_Exercise aim_:
Repeat the span of the entries below that starts at the line with "Mammadù Non Profit" and ends at the line with "アンジェラ・アキ - 手紙 (E♭) by kanamsuic", nothing more. Skip the pictures.

_Data_:
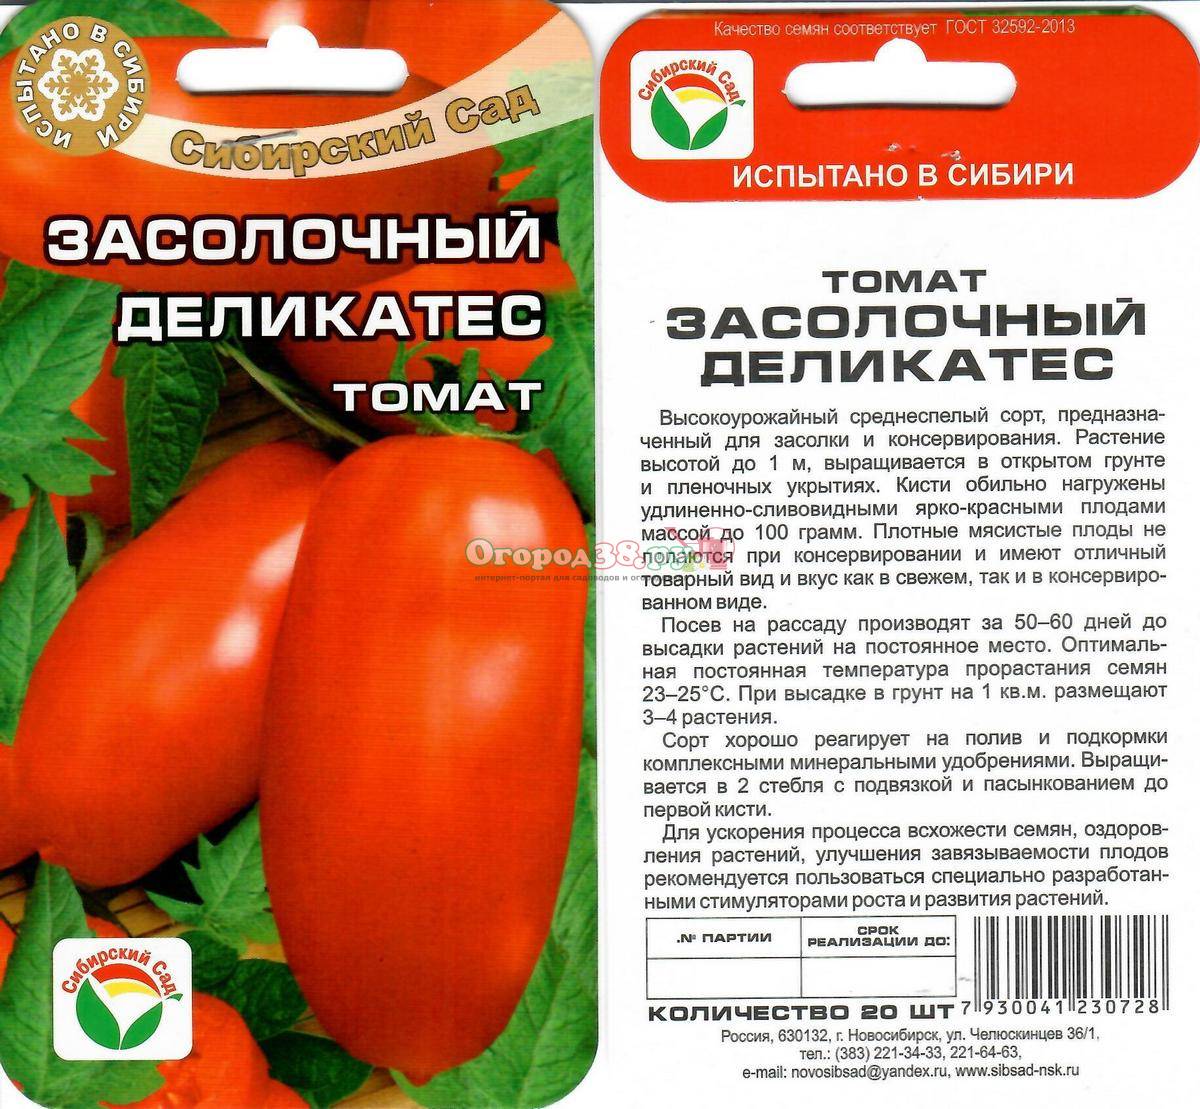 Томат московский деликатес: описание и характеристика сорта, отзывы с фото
---
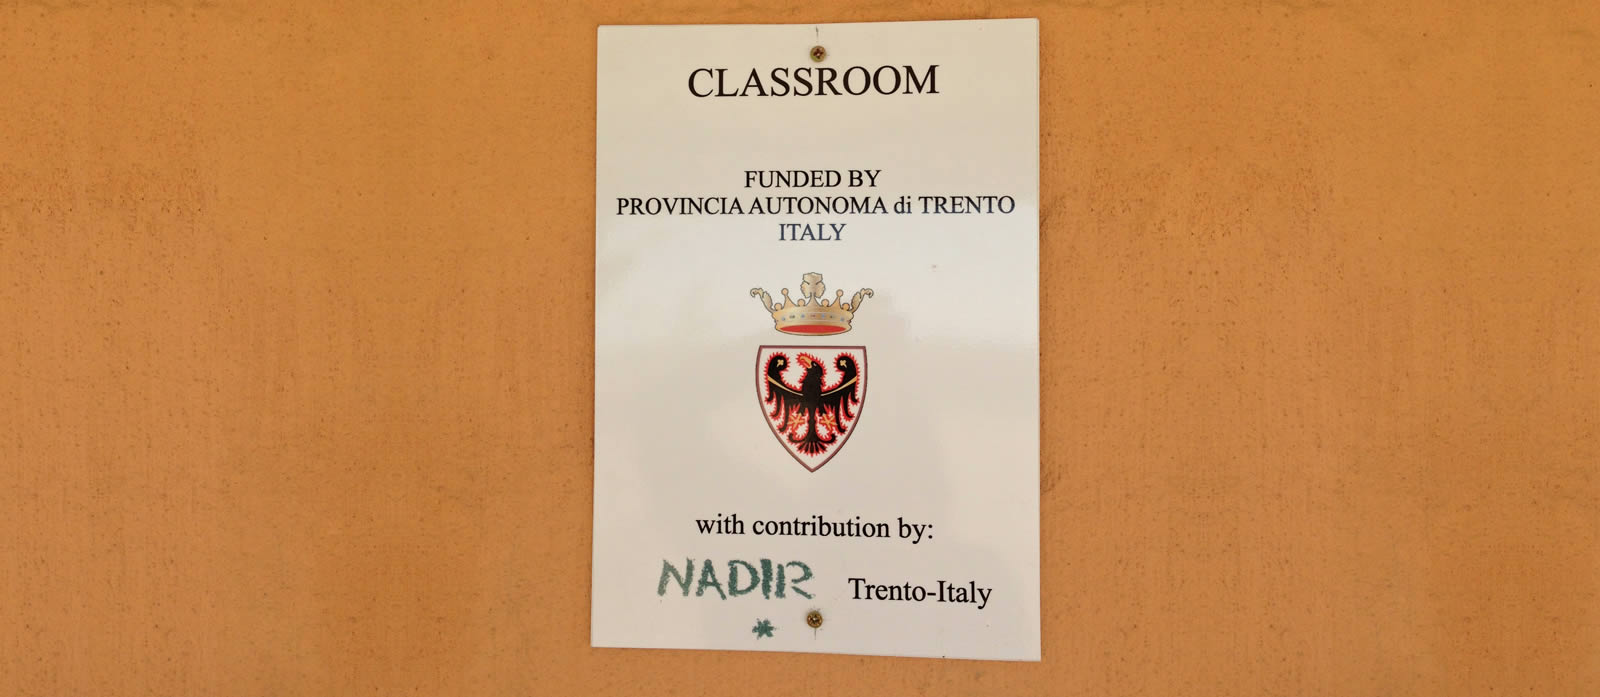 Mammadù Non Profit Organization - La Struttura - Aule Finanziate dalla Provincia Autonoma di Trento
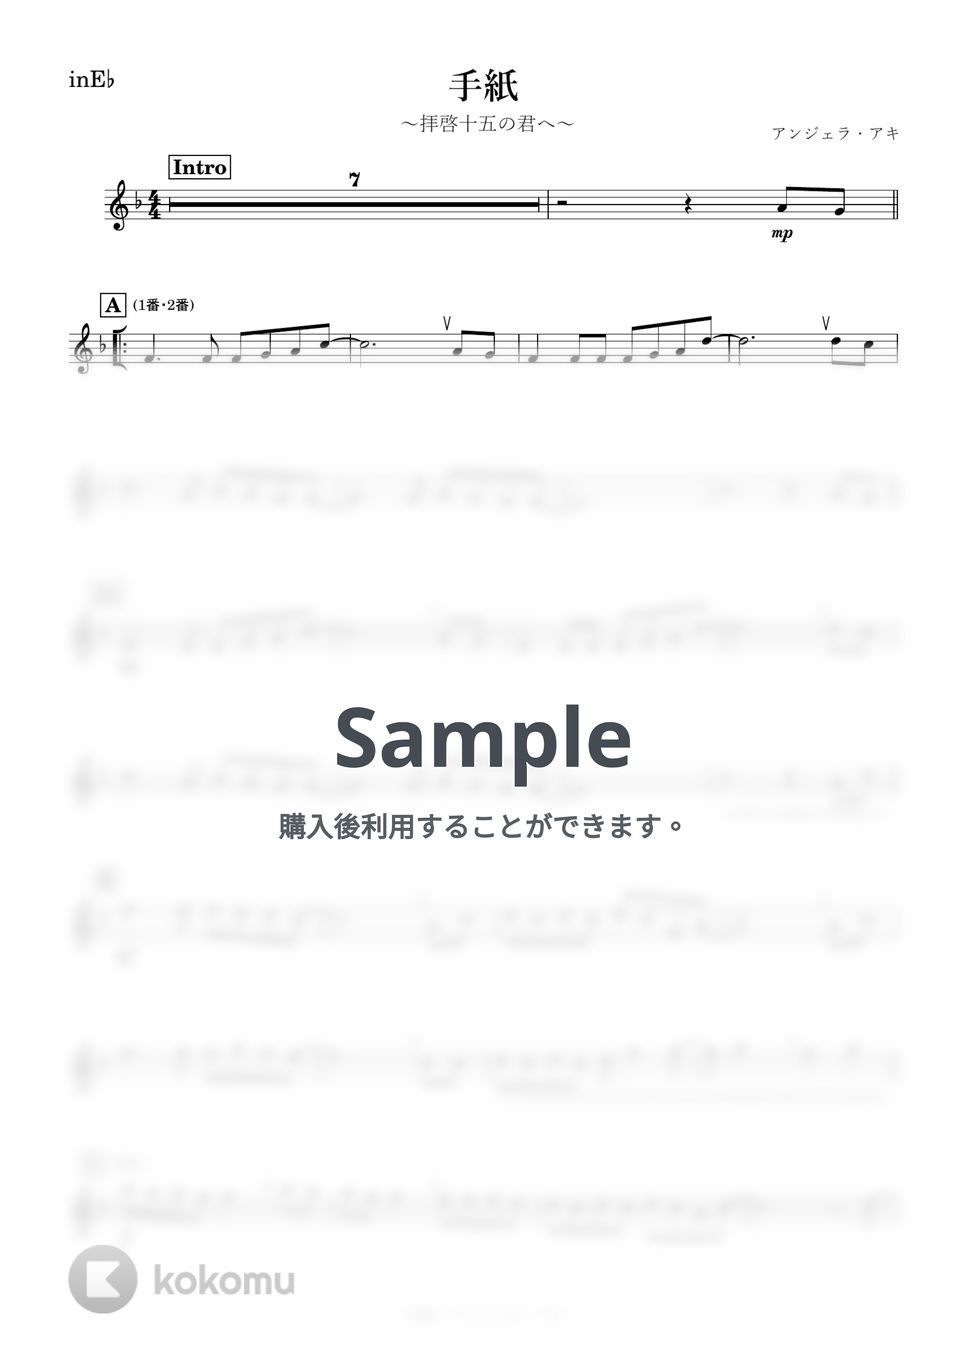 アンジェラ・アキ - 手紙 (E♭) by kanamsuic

_Answer to the problem_:
 Mammadù Non Profit Organization - La Struttura - Aule Finanziate dalla Provincia Autonoma di Trento
 アンジェラ・アキ - 手紙 (E♭) by kanamsuic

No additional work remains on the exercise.